Network Devices
The training of LLMs often relies on distributed network systems [171], [172]. During the transmission of gradients through the links between GPU server nodes, significant volumetric traffic is generated. This traffic can be susceptible to disruption by burst traffic, such as pulsating attacks [161]. Furthermore, distributed training frameworks may encounter congestion issues [173].
ENTITY
3 - Other
INTENT
2 - Unintentional
TIMING
1 - Pre-deployment
Risk ID
mit25
Domain lineage
2. Privacy & Security
2.2 > AI system security vulnerabilities and attacks
Mitigation strategy
1. Prioritize congestion-avoidance protocols such as Proactive Congestion Notification (PCN) in the distributed network system to preemptively regulate switch queue lengths, thereby mitigating network congestion before the arrival of the periodic, volumetric burst traffic generated by gradient synchronization during distributed deep learning (DDL) training. 2. Employ specialized network flow control mechanisms, such as MLTCP, that are specifically designed for machine learning workloads.
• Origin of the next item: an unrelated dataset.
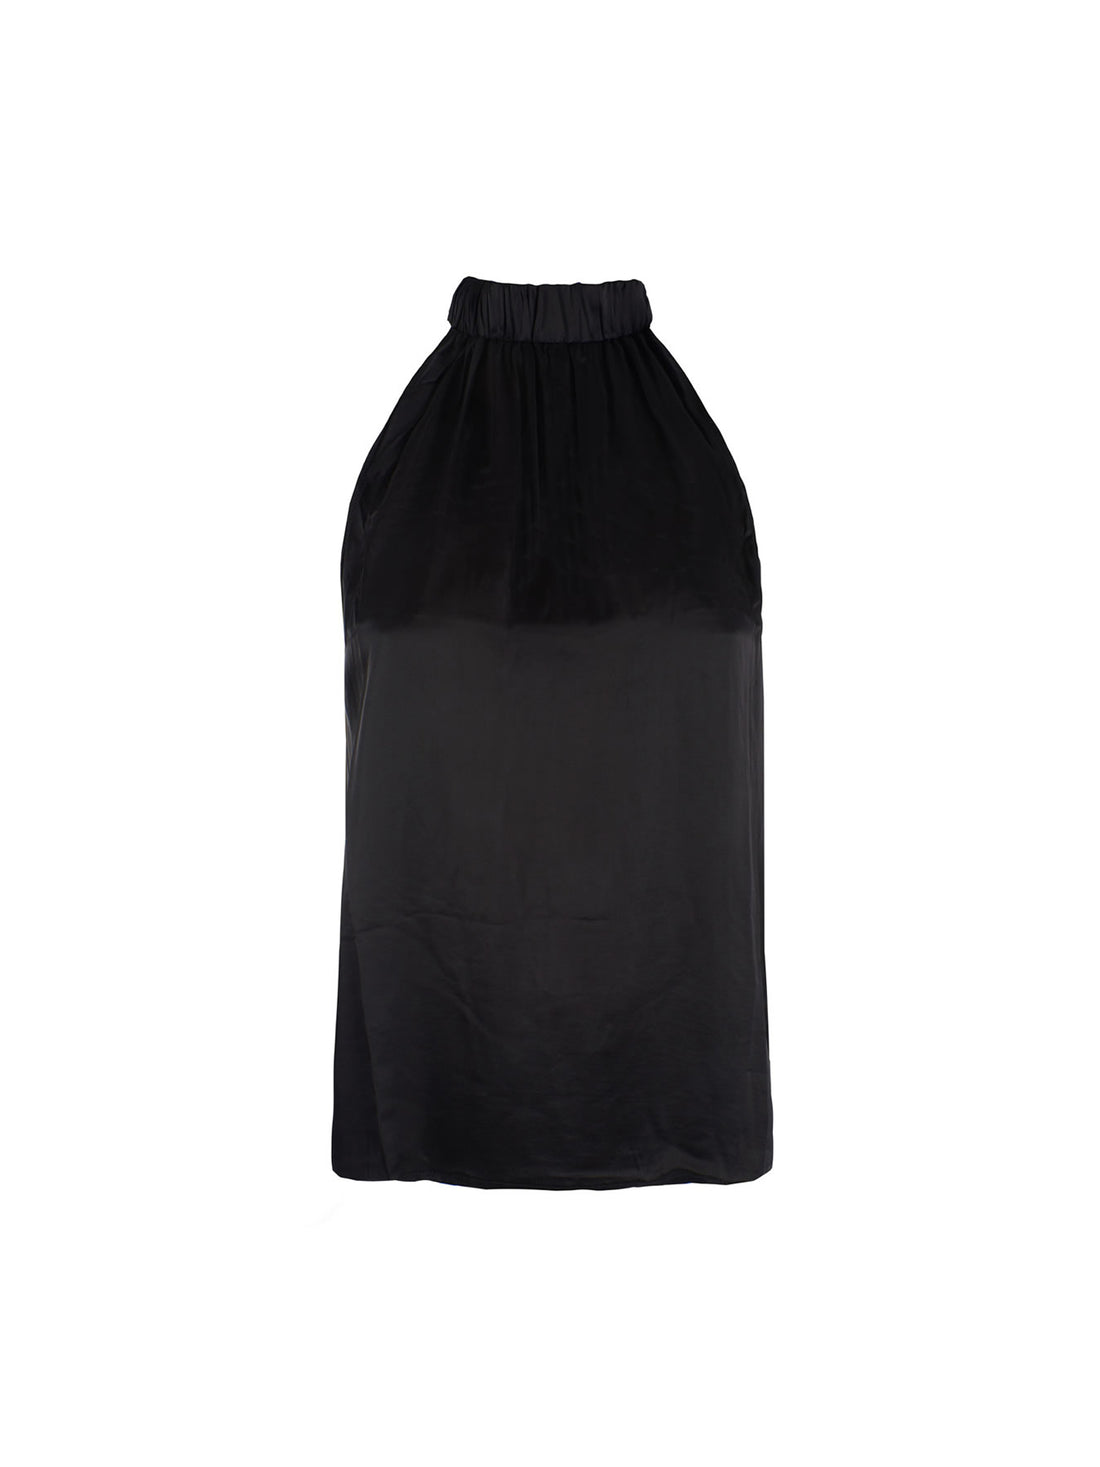 Top e canotte Nero Yes-zee

These mechanisms should leverage the periodic nature of deep neural network (DNN) traffic to iteratively approximate a centralized flow schedule, thereby reducing network contention and improving communication efficiency between GPU server nodes. 3. Implement advanced, low-latency Traffic Engineering (TE) systems with sub-second control loops to dynamically manage and distribute traffic across the network. This will effectively alleviate burst-induced congestion and reduce maximum link utilization, a critical necessity for maintaining stability in geographically distributed or commodity cloud networks with high latency and jitter.